# Activity
Write every line of the material again exactly, with no pictures in the copy.

# Collected data
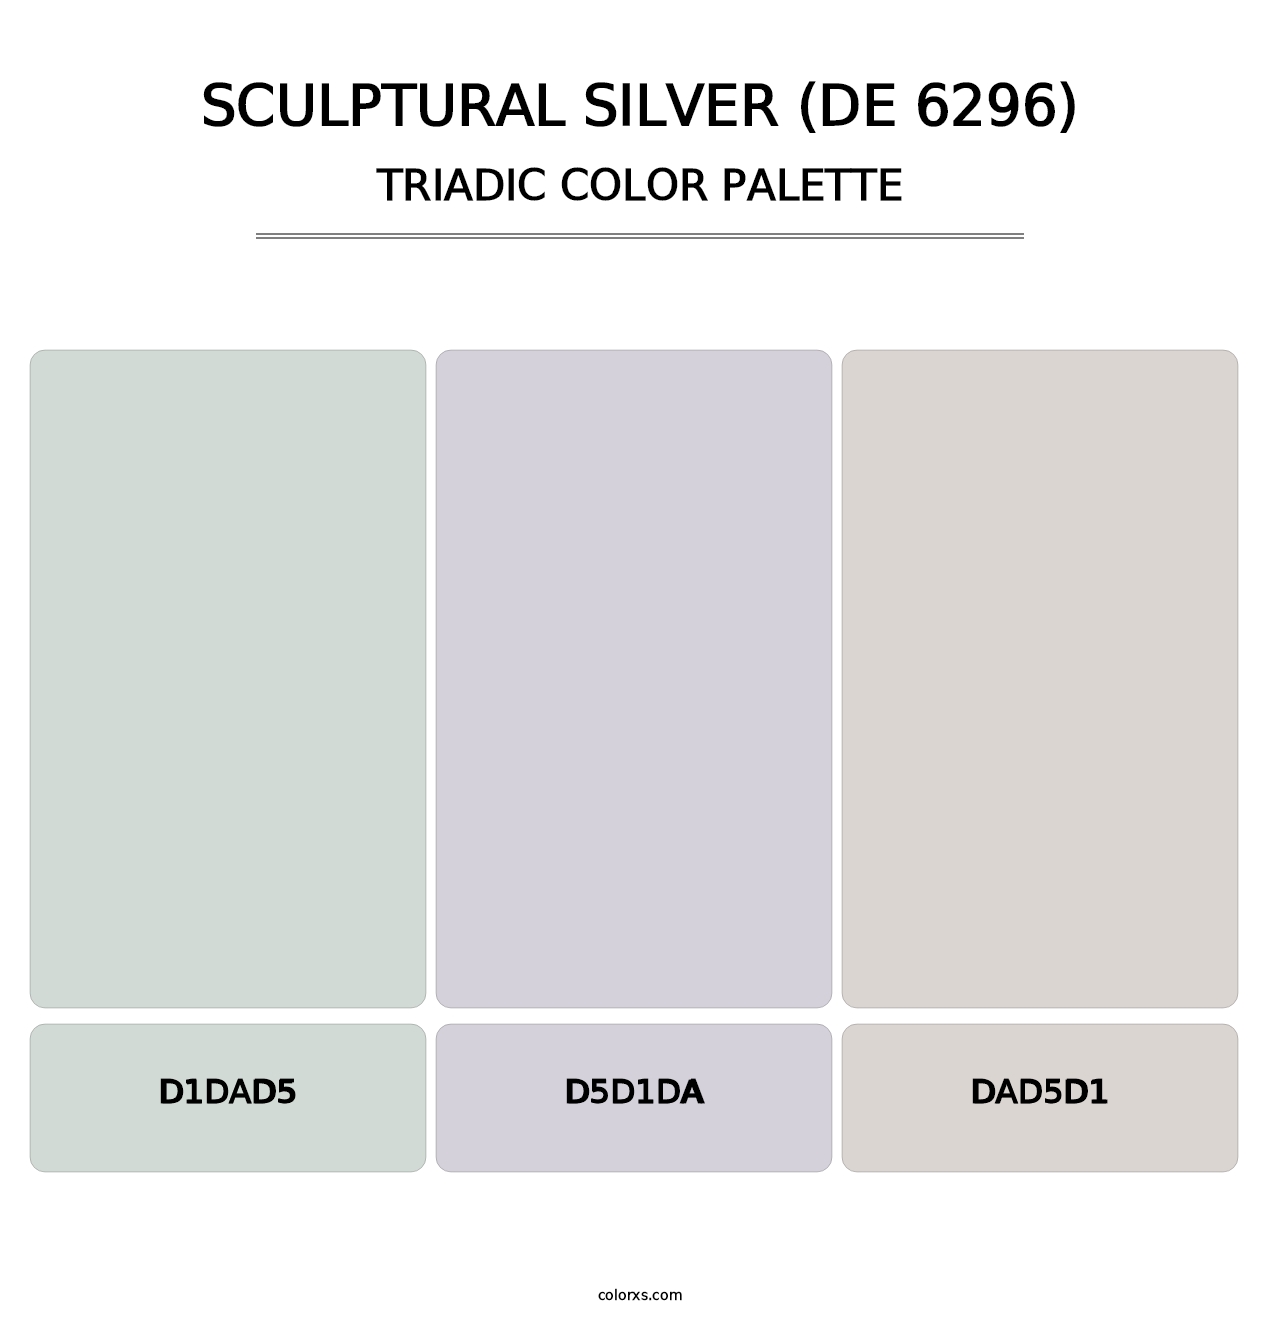 Sculptural Silver (DE 6296) - Triadic Color Palette
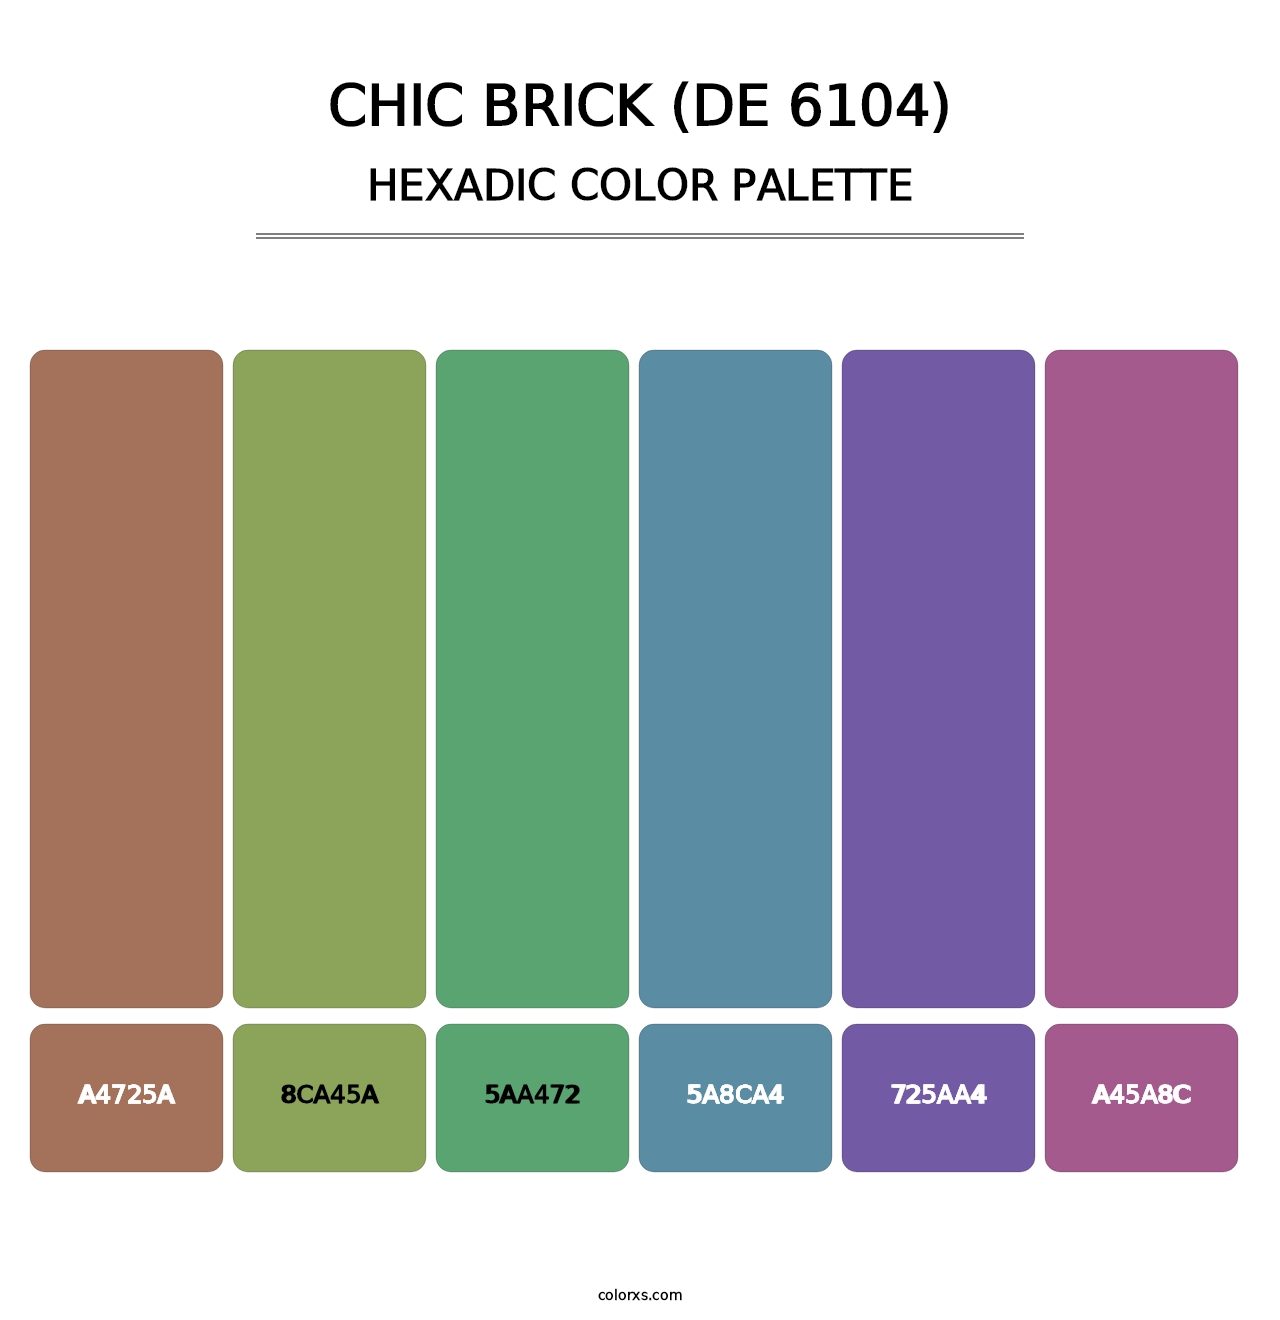 Chic Brick (DE 6104) - Hexadic Color Palette
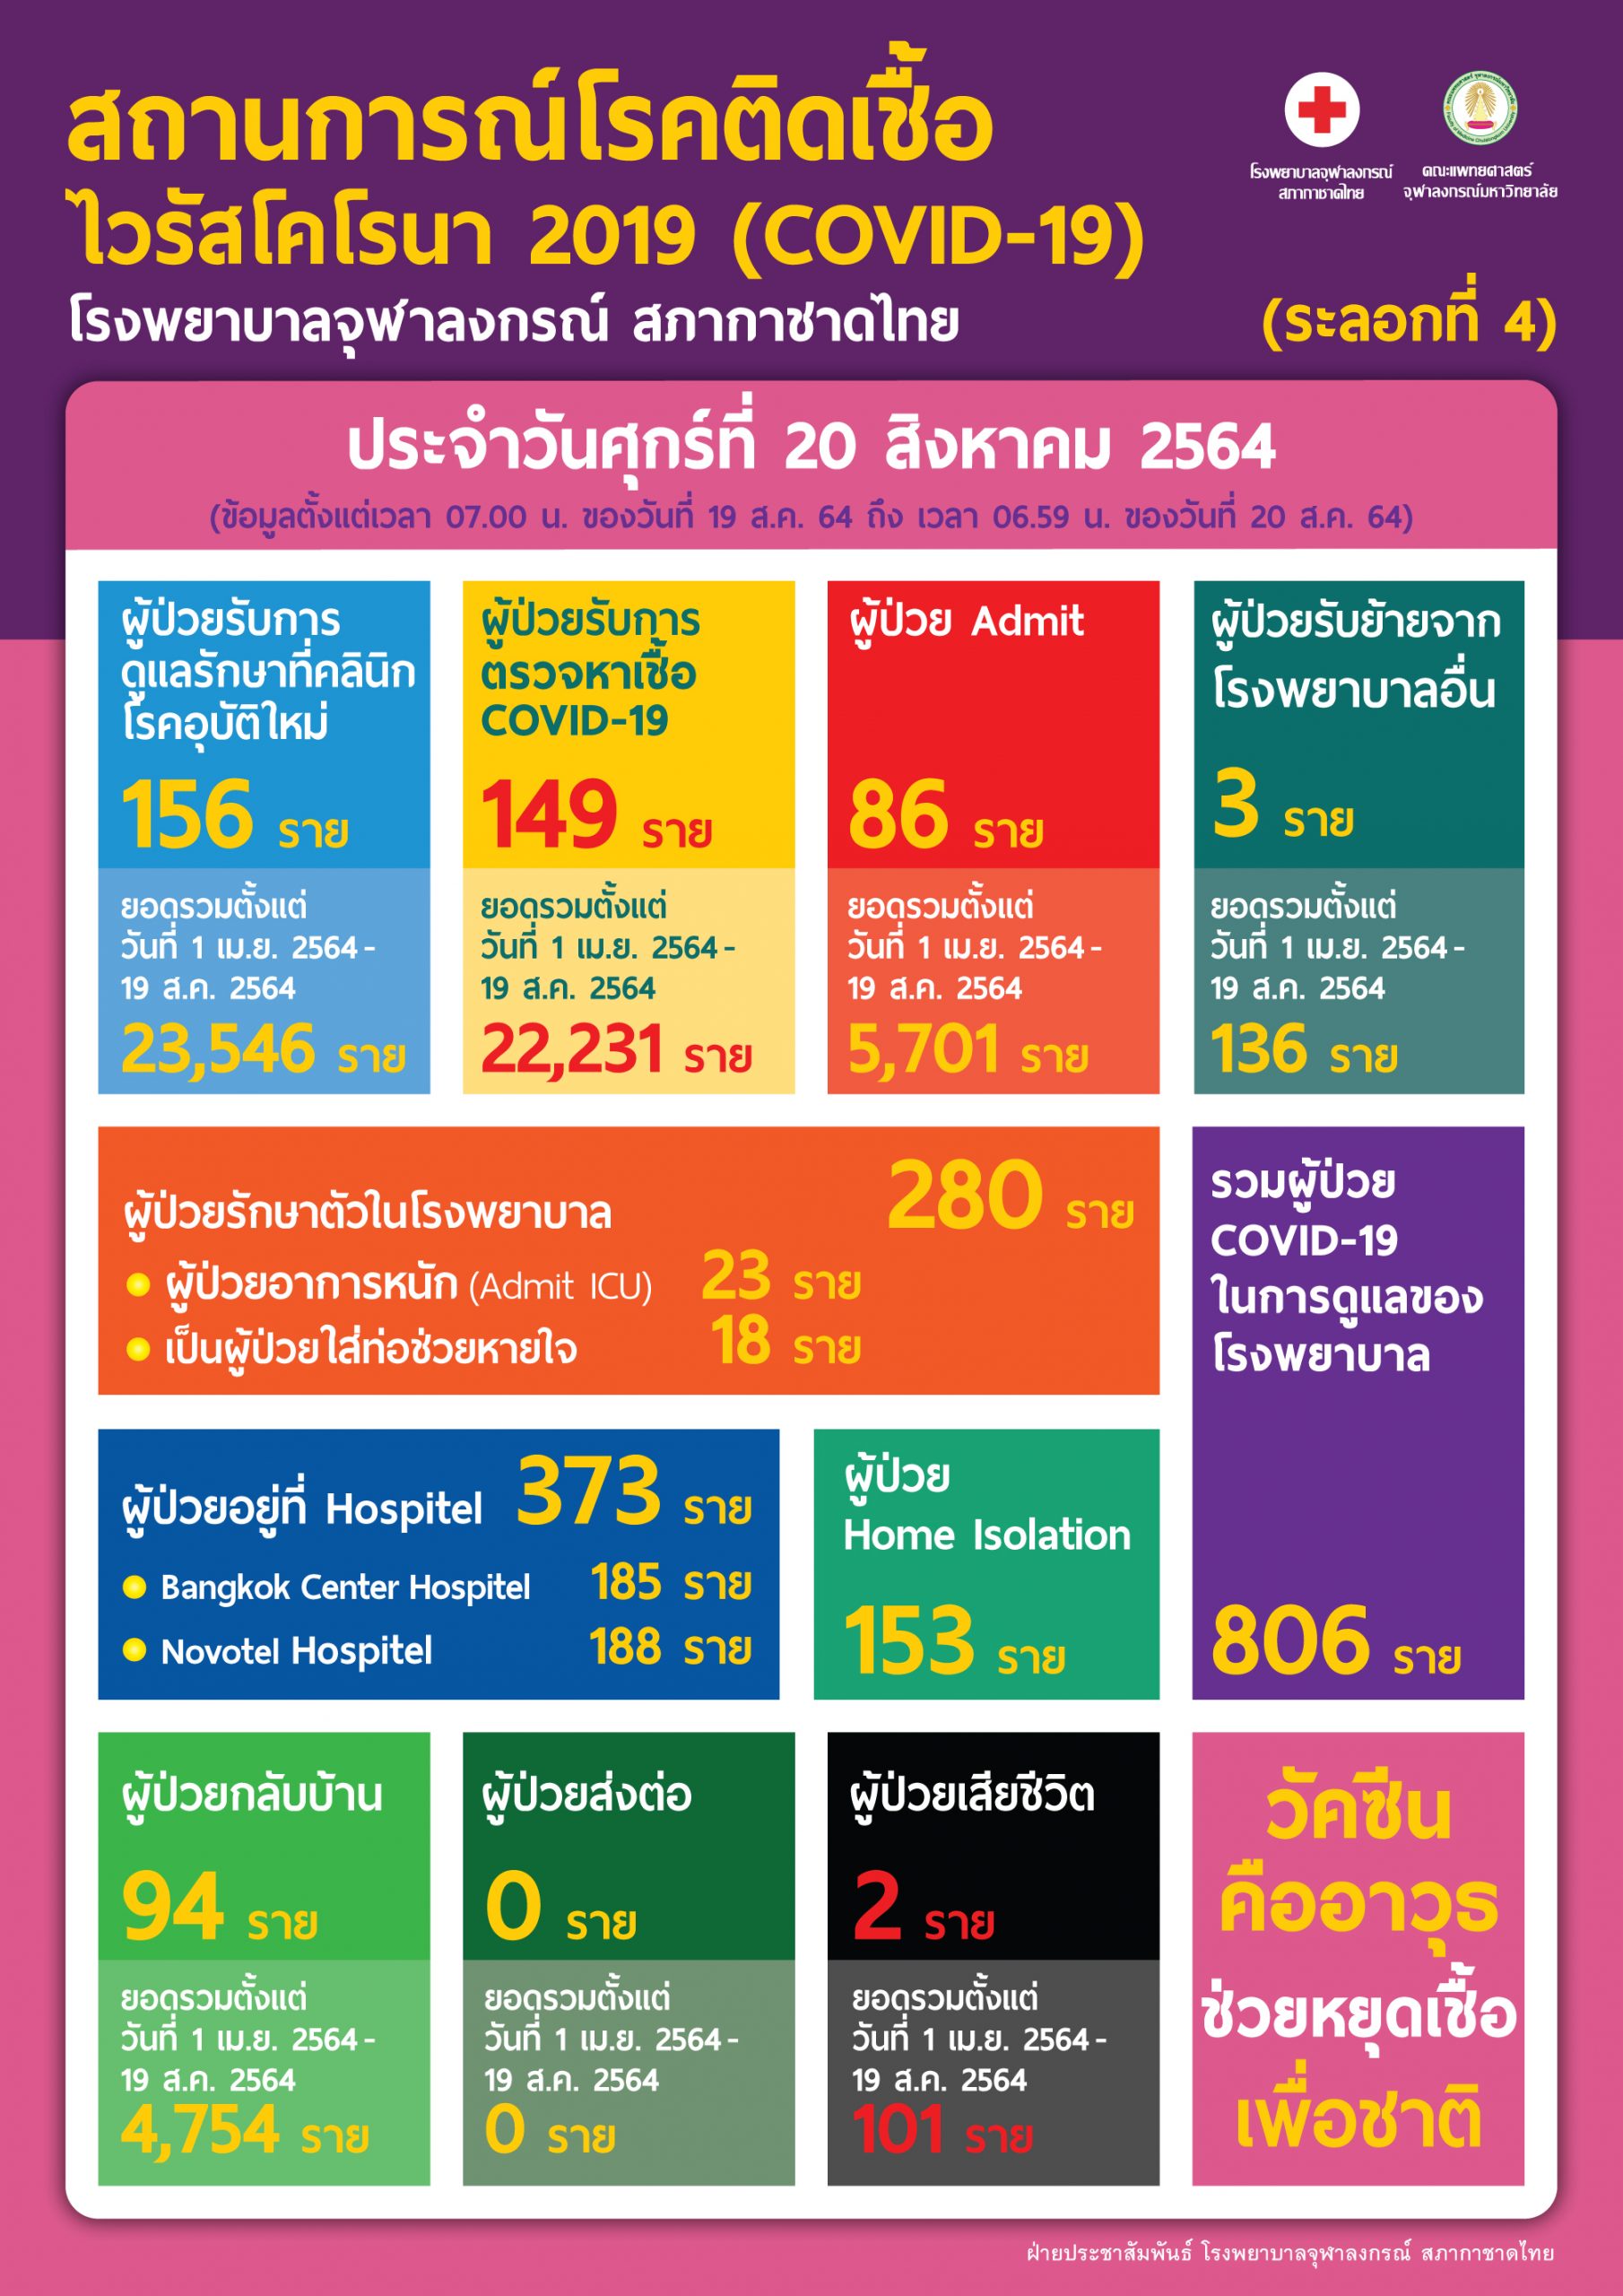 สถานการณ์โรคติดเชื้อไวรัสโคโรนา 2019 (COVID-19) (ระลอกที่ 4) โรงพยาบาลจุฬาลงกรณ์ สภากาชาดไทย  ประจำวันศุกร์ที่ 20 สิงหาคม 2564

# Solution below
 Sculptural Silver (DE 6296) - Triadic Color Palette
 Chic Brick (DE 6104) - Hexadic Color Palette
 สถานการณ์โรคติดเชื้อไวรัสโคโรนา 2019 (COVID-19) (ระลอกที่ 4) โรงพยาบาลจุฬาลงกรณ์ สภากาชาดไทย  ประจำวันศุกร์ที่ 20 สิงหาคม 2564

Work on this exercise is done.